EXERCISE BRIEF >> Print, exactly as they appear in the listing below, the lines from the line with "Ramblings Fun - Anchors" to the line with "FF XV Luna PS4 Slim", with both end lines kept.

--- START ---

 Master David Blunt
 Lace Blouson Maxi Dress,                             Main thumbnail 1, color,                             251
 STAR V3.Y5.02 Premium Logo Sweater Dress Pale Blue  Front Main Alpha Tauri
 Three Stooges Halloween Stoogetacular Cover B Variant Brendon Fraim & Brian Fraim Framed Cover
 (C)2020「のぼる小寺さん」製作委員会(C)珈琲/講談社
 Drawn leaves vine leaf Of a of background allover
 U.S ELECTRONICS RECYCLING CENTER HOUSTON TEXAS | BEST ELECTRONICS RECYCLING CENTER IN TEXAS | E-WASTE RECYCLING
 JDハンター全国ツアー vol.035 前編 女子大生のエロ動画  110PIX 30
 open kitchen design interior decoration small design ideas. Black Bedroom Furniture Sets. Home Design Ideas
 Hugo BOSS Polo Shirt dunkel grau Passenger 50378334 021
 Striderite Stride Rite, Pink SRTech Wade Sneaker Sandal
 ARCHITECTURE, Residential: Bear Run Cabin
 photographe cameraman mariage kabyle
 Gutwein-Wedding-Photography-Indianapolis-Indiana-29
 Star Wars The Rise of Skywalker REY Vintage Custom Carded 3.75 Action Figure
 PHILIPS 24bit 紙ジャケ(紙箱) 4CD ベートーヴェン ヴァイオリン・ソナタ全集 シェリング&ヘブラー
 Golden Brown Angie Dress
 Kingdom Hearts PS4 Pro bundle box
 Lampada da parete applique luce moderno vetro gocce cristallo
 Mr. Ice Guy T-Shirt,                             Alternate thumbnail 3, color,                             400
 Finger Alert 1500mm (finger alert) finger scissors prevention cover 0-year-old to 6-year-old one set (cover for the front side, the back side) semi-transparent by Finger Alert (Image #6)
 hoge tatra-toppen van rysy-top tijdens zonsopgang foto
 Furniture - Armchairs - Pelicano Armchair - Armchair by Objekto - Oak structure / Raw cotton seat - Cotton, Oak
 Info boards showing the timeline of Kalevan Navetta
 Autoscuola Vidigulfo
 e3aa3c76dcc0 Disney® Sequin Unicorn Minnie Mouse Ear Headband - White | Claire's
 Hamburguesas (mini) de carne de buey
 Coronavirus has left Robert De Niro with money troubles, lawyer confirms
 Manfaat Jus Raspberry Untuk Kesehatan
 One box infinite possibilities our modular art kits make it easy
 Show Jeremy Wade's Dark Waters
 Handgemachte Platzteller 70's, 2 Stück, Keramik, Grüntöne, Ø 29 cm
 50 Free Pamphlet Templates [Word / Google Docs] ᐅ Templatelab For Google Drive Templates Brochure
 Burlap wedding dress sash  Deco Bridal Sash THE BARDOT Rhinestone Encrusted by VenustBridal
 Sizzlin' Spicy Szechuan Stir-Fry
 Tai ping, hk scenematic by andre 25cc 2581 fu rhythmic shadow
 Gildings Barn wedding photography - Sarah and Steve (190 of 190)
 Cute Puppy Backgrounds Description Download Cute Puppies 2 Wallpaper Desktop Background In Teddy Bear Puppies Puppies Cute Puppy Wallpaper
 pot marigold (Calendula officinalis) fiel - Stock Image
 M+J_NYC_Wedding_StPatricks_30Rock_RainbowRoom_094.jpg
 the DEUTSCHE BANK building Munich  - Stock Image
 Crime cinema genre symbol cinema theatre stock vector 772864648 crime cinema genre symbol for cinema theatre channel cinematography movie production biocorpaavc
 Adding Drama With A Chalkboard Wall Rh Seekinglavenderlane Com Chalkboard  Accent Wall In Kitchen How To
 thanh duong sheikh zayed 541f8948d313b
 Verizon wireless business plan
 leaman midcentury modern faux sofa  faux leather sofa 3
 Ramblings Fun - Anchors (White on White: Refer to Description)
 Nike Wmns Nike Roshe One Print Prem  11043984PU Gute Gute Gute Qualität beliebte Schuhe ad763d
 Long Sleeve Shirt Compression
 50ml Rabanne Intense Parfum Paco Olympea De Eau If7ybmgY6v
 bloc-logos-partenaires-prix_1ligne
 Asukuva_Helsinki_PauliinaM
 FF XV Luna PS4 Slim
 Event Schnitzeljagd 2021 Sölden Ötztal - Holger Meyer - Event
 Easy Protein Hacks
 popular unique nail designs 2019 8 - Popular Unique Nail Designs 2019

--- END ---

RESPONSE >>
 Ramblings Fun - Anchors (White on White: Refer to Description)
 Nike Wmns Nike Roshe One Print Prem  11043984PU Gute Gute Gute Qualität beliebte Schuhe ad763d
 Long Sleeve Shirt Compression
 50ml Rabanne Intense Parfum Paco Olympea De Eau If7ybmgY6v
 bloc-logos-partenaires-prix_1ligne
 Asukuva_Helsinki_PauliinaM
 FF XV Luna PS4 Slim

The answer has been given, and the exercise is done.